The AI didn't lie; it just hallucinated a plausible answer.
A year ago, that was an acceptable excuse for a pilot program. Today, for CTOs, CIOs and Digital Transformation professionals in regulated sectors, it is a structural fragility. The EU AI Act has shifted the burden of proof from the user to the provider. Compliance is no longer an afterthought; it is a prerequisite for market access.
Standard Large Language Models (LLMs) prioritise plausibility over truth. In high-stakes environments, this creates Rogue AI, which are virtual agents acting like talented but unsupervised interns. Because these models lack an inherent world model, they can inadvertently promise unauthorised fee waivers or provide incorrect regulatory advice without any internal mechanism to trigger a correction.
To move from innovation badges to trusted enterprise systems, leaders are shifting to Composite AI. Gartner has identified this as a critical strategy to bridge the gap between generative creativity and operational rigour, moving it toward mainstream adoption on the latest Hype Cycle for Artificial Intelligence.
The solution lies in the decoupling of intent from execution.

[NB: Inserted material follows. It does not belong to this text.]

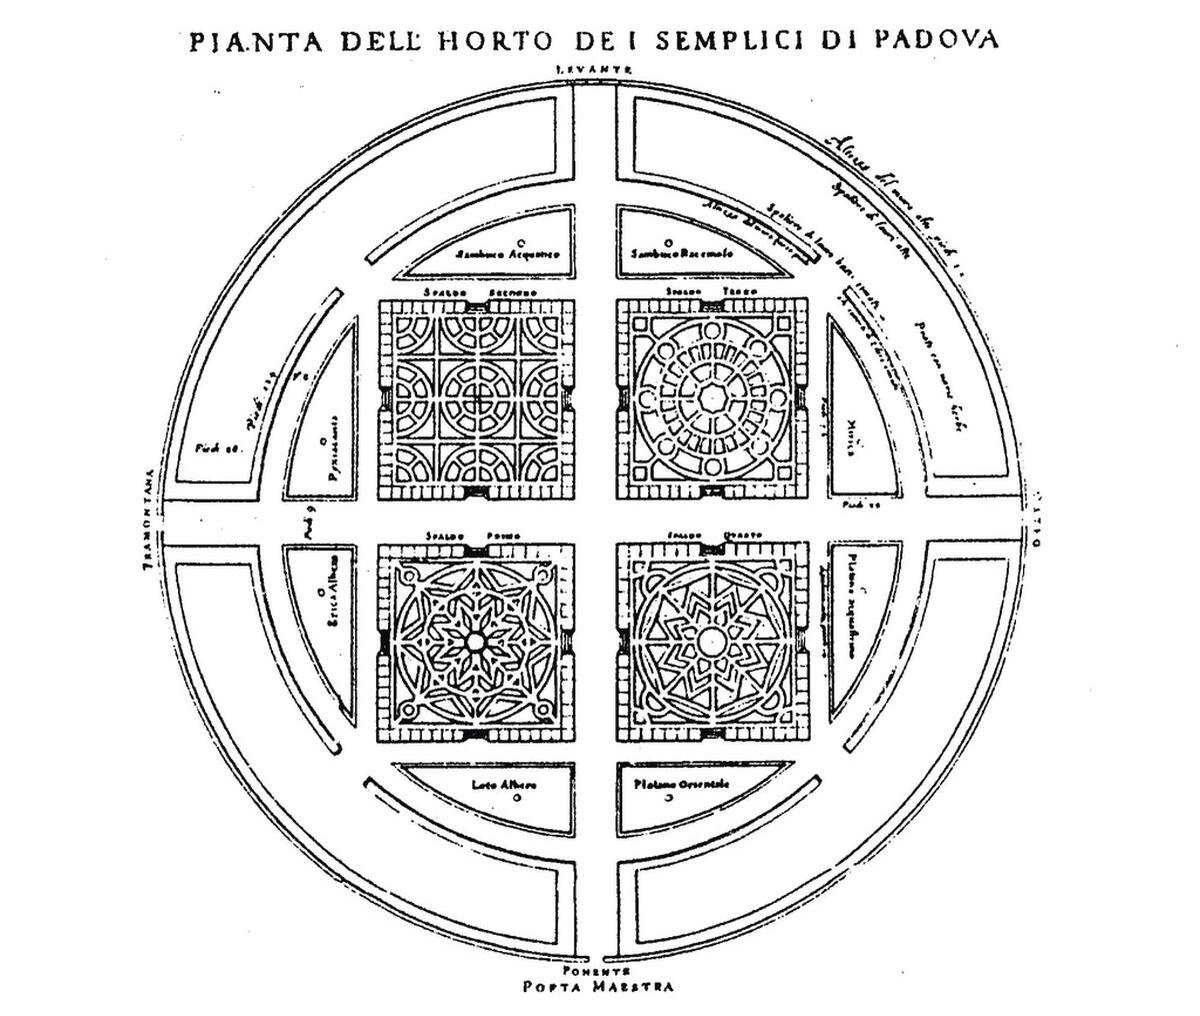 Girolamo Porro, Grundriss des botanischen Gartens in Padua, aus: L'Horto dei semplici di Padova, Venedig 1591

The LLM provides the conversational brain wrapped in a hard-edged deterministic layer.
If you stay with black-box AI, you risk regulatory scrutiny and brand erosion. Building a governed CX system starts by separating play from production. By replacing unpredictable bots with governed agents, you move toward an orchestrated CX system. This ensures every interaction is more than just a chat—it is a secure, end-to-end business process that protects your brand and delivers results.